Use this SOC 2 checklist for MCP servers to scope controls, collect audit evidence, and cover the identity, tool, logging, and isolation risks that matter most.

ByMaya Chen15 min read
Pen name disclosure: Maya Chen is a pen name used by the 0xClaw editorial team for articles about BYOK, private deployment, and AI infrastructure. It is a disclosed byline persona, not a public personal identity.
Quick answer
Infrastructure note

Use this SOC 2 checklist for MCP servers to scope controls, collect audit evidence, and cover the identity, tool, logging, and isolation risks that matter most.

Key takeaways
  • SOC 2 checklist for MCP servers should explain infrastructure choices in a way that is easy to quote, compare, and operationalize.
  • Tie architecture explanations back to how local execution, governance, and evidence handling work in practice.
  • Use official docs plus product pages so the page can rank for definitions and support AI citation.
Related next steps
Promptfoo vs 0xClaw

Separate LLM red teaming from target-level autonomous pentesting.

What is an AI pentest CLI?

Anchor infrastructure decisions to the operator workflow and evidence model.

See the local install flow

Review the operator path from install to first authorized pentest run.

Quick answer: what belongs on a SOC 2 checklist for MCP servers?

The useful SOC 2 checklist for MCP servers is evidence-first. You need to show how the service identifies users, scopes tools, protects tokens and secrets, isolates execution, validates tool inputs and outputs, logs sensitive actions, and controls change. For an MCP deployment, those controls have to cover more than a normal API. They also have to cover tool schemas, model-driven tool calls, prompt injection risk, and the boundary between the MCP server and the downstream systems it can reach.

No SOC 2 report proves an MCP server is "secure." What it can prove is narrower and more useful: that the controls described in scope were designed, and for Type II reports operated, in a way an auditor could test against the Trust Services Criteria.

Diagram showing the main SOC 2 control areas for MCP servers

Why MCP servers change the normal SOC 2 scoping exercise

An MCP server is not just another CRUD service with a token in front of it. It sits in the middle of a trust chain: model or agent, MCP client, server runtime, tool definitions, prompts, downstream APIs, local files, and logs. That is why the MCP security guidance spends so much time on confused deputy problems, token passthrough, SSRF, session hijacking, and local server compromise. Those are not edge cases. They are the natural failure modes of a system that can make tool calls on behalf of a model.

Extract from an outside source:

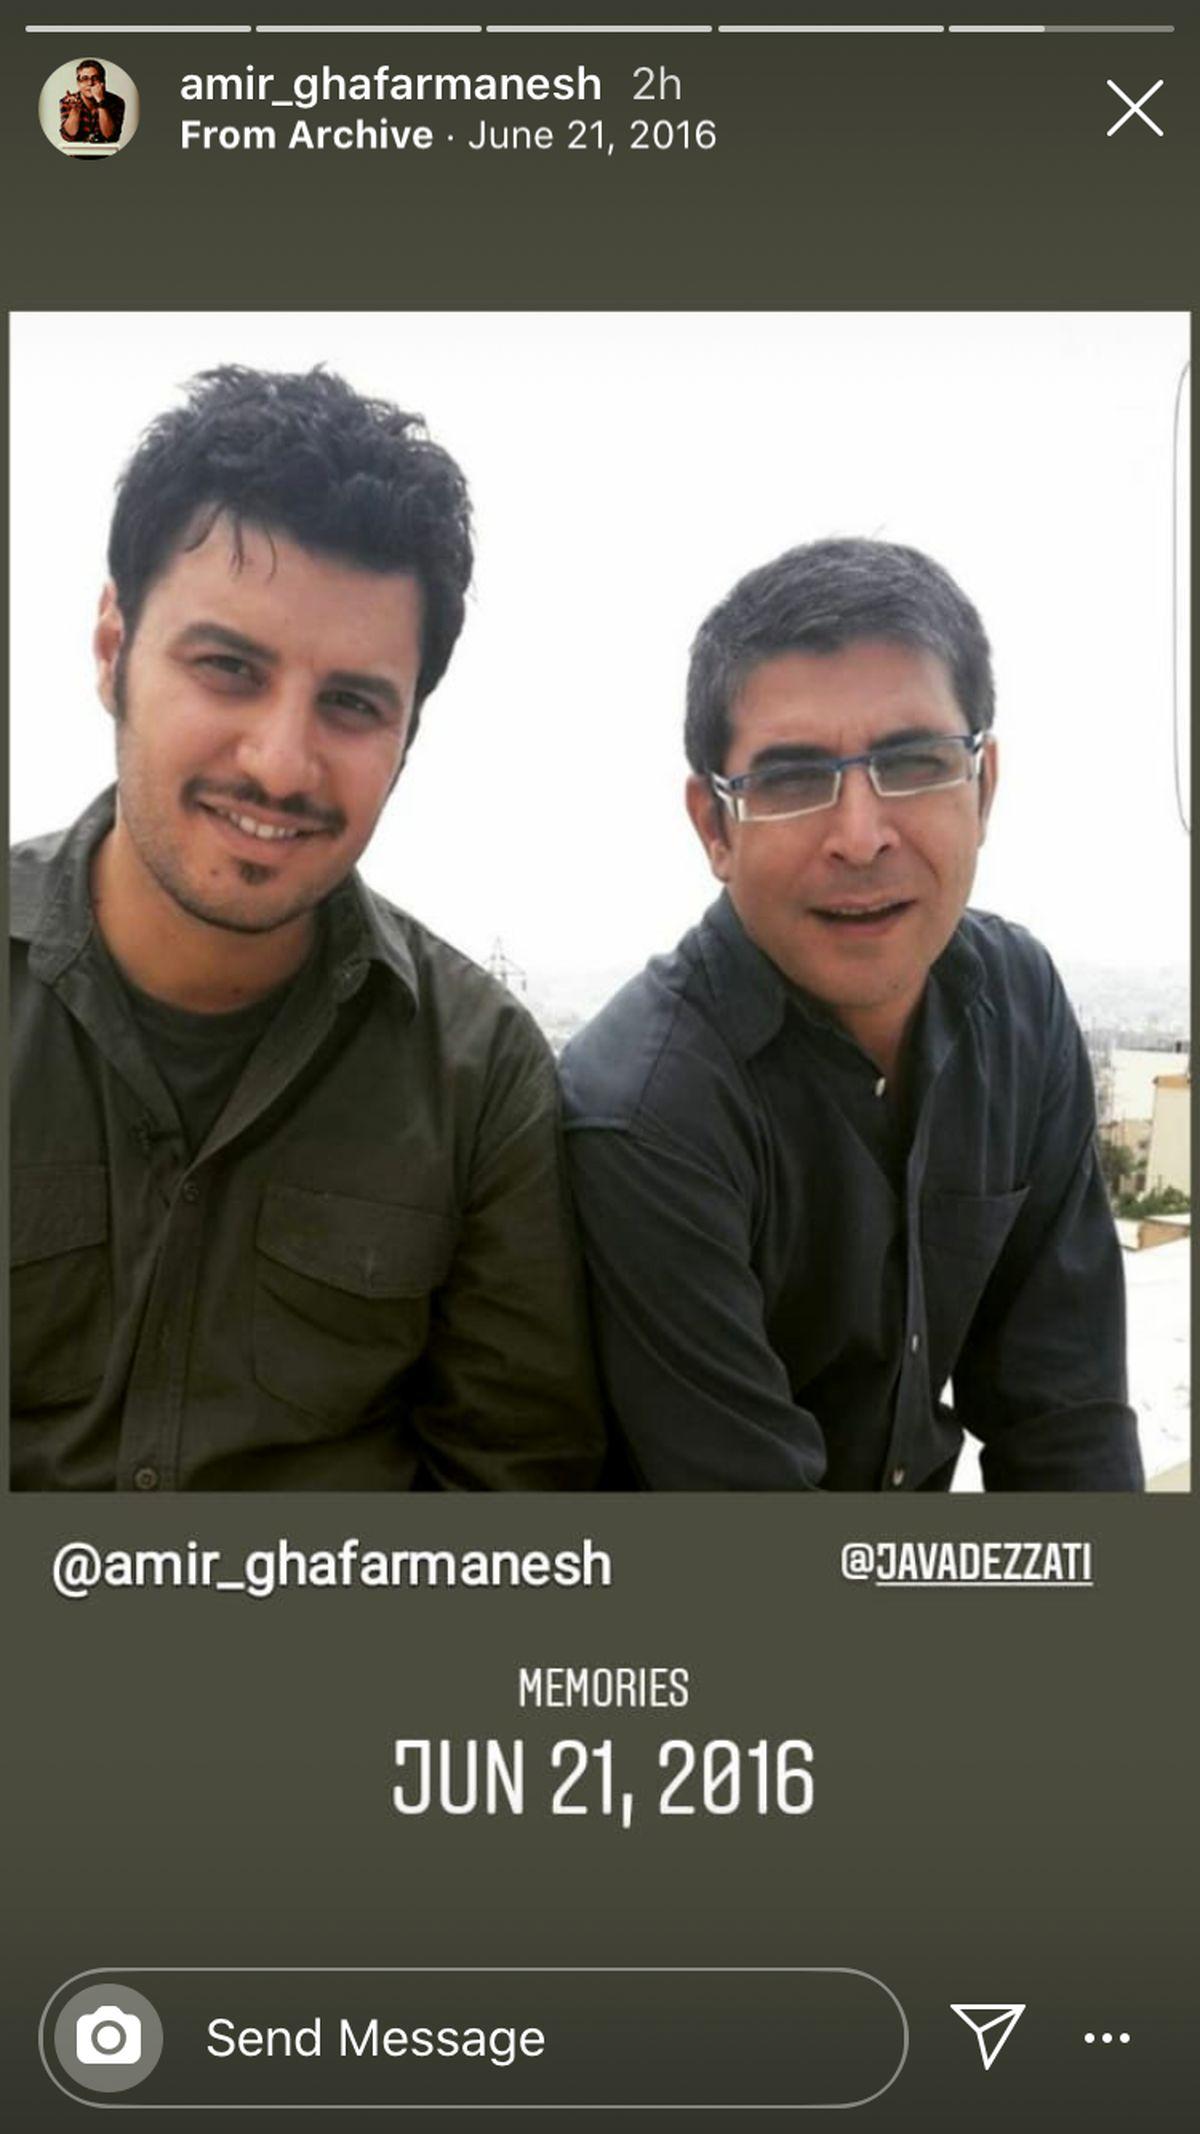 جوانی امیر غفارمنش و جواد عزتی + عکس
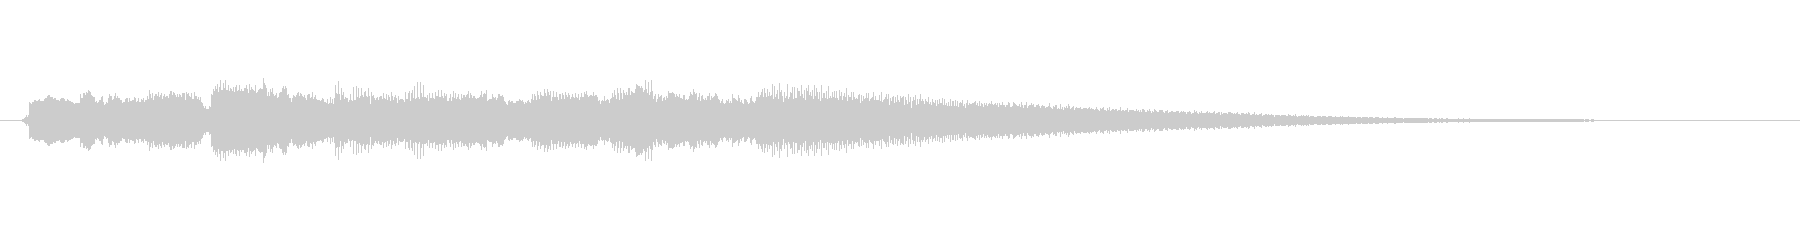 ブルースギター/ジングル/場面転換の未再生の波形

That changes the scoping conversation for SOC 2. If your service offers remote MCP endpoints, hosts customer-specific connectors, or distributes local MCP components with one-click setup, auditors will expect a system description that explains those trust boundaries clearly. The AICPA system description model matters here because a neat policy folder does not help if nobody can explain which server holds credentials, which component decides authorization, and which logs show what the model actually did.

The other wrinkle is that MCP security failures are often cross-layer failures. OWASP's MCP material calls out poisoned tool descriptions, malicious tool outputs, excessive permissions, and supply chain risk. In practice that means your SOC 2 checklist has to join application security, cloud control, and AI-agent control evidence into one story. If those controls live in separate teams, you need to show how they connect.

1. How do you define the system boundary before mapping controls?

Most weak SOC 2 projects start with a spreadsheet of generic controls. Start with the system boundary instead.

For an MCP deployment, document at least these components:

  • remote MCP endpoints and transports
  • local stdio components, if you ship or manage them
  • authorization servers, identity providers, and token issuance paths
  • tool registries, manifests, and schema storage
  • downstream systems the server can read or mutate
  • logging, queueing, alerting, and secrets-management layers

Then mark the data classes that move through those components: customer content, secrets, tool outputs, audit logs, prompt history, and administrative metadata. If a tool can reach source code, ticketing systems, cloud consoles, or internal databases, say so plainly.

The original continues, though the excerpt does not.